By contrast, dynamic models can address nonequilibrium processes, such as succession, changing soil chemistry, changing below-ground C allocation and climate change. Forest ecologists have long used dynamic models to predict spatio–temporal dynamics in species distribution and community structure and composition (e.g. Urban et al., 1991; Carey, 1996; Gao et al., 1996; He et al., 2002; Gratzer et al., 2004), and simple dynamic models have been explored for fungal communities (e.g. Halley et al., 1994). However, to structure and parameterize these models correctly requires much more information than for static models, and so they are rarely parameterized for species distribution modelling at large scales. Characterizing the spatio–temporal dynamics of mycorrhizal fungal species assemblages in relation to multiple variables across a broad range of environments would be extremely challenging, requiring data that are not easily obtainable.

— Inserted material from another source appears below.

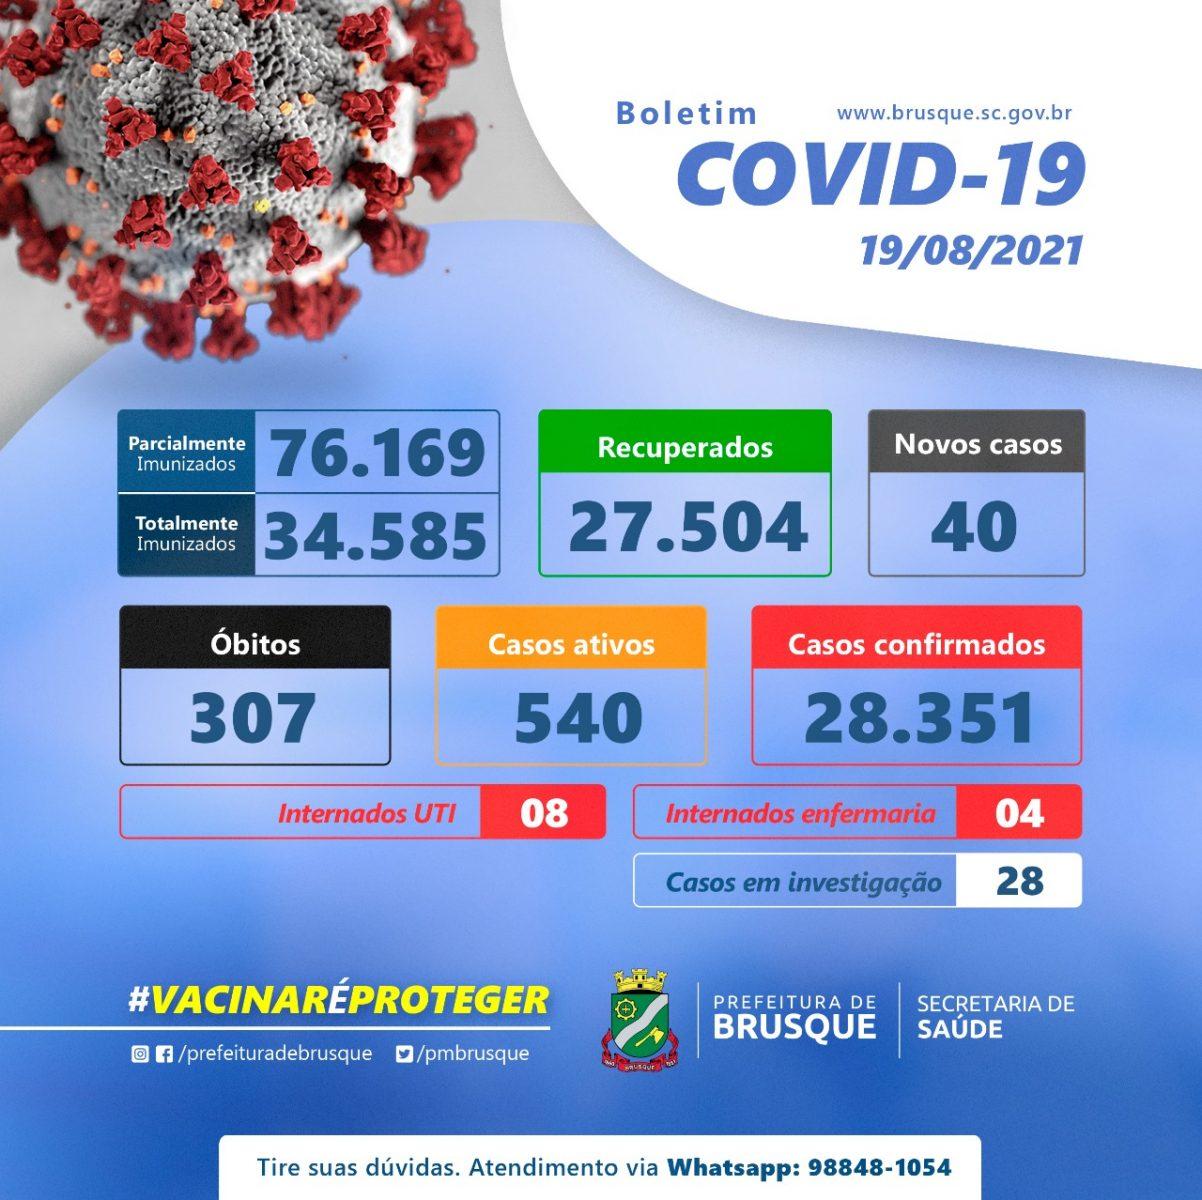 Covid-19: Confira o boletim epidemiológico desta quinta-feira (19)
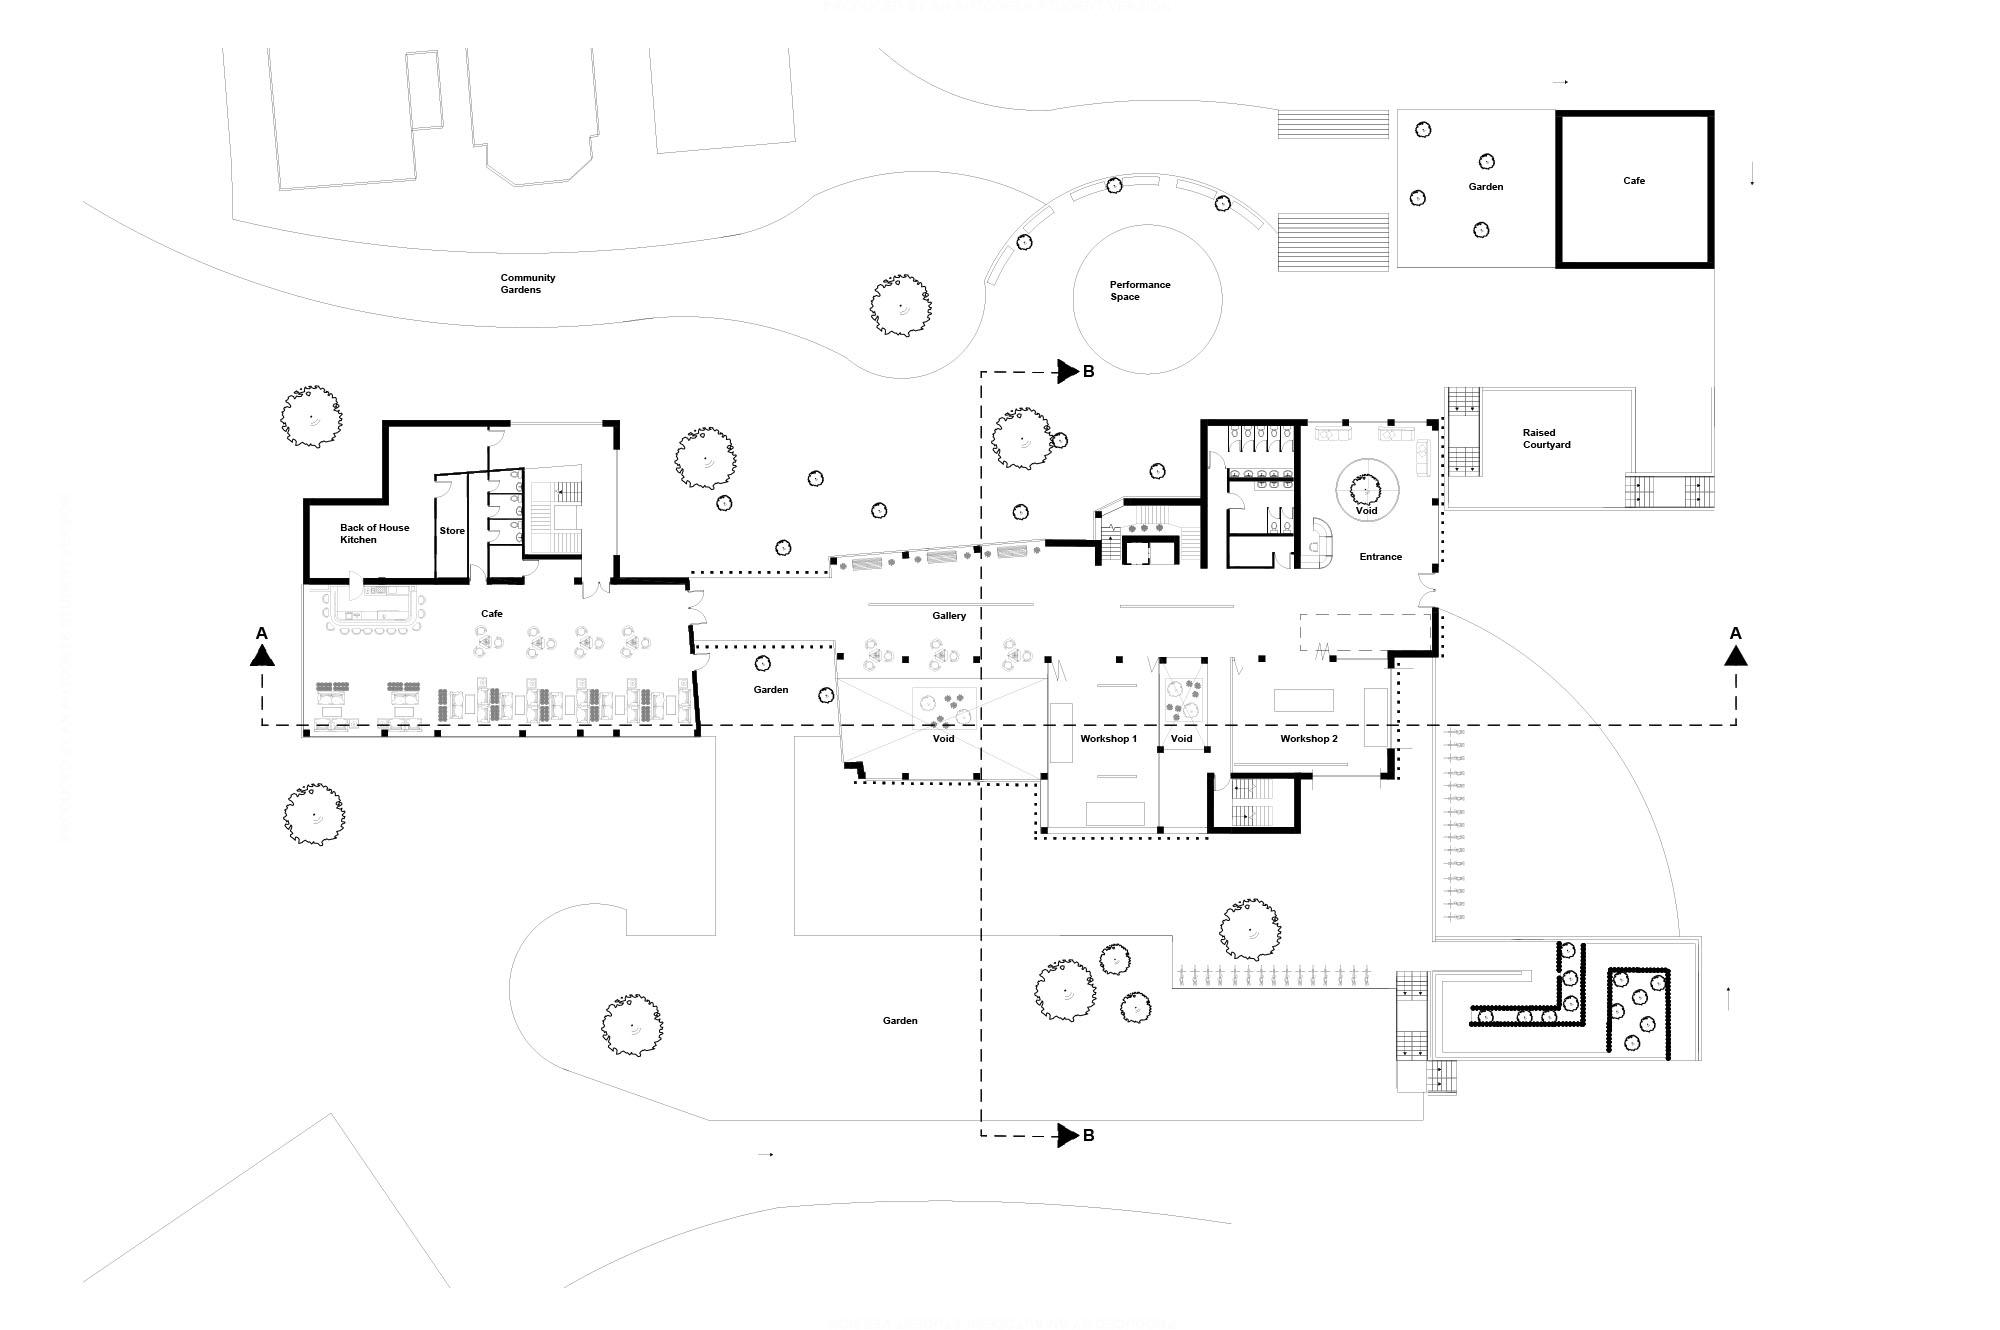 The Engine First Floor Plan

To deal with these difficulties, a viable two-pronged approach would be initially to build and test static species distribution and abundance models. If serious deficiencies are apparent that are probably the result of disequilibria, then we can work towards the parameterization of dynamic models, based on the results of experimental, gradient, chronosequence and longitudinal studies.
Although it is tempting to throw up our hands given the complexity of this challenge, we believe that the attempt should be made to begin to build global data sets and predictive species/community models, recognizing that this will be an iterative process, involving continual improvement of tools, data and models (Fig. 2). An efficient approach to providing high cross-comparability of both species and environmental data would be to develop a research consortium that uses a mutually agreed upon sampling scheme to achieve maximum coverage for minimum effort, similar to the community effort that supported the Deep Hypha project (http://ocid.nacse.org/research/deephyphae/projects.php). The price of not acting now will be a lost opportunity to define baseline species distribution data in the face of rapid global change. We have touched on a few issues. The key next steps are rallying a diverse group of researchers to collaborate in this process, and finding the resources to support large-scale data collection and modelling efforts. The time to take these steps has come.
We thank Dr Andy Taylor for the invitation to give the talk at the 5th International Conference on Mycorrhiza, 23–27 July 2006, Granada, Spain, on which this paper was based.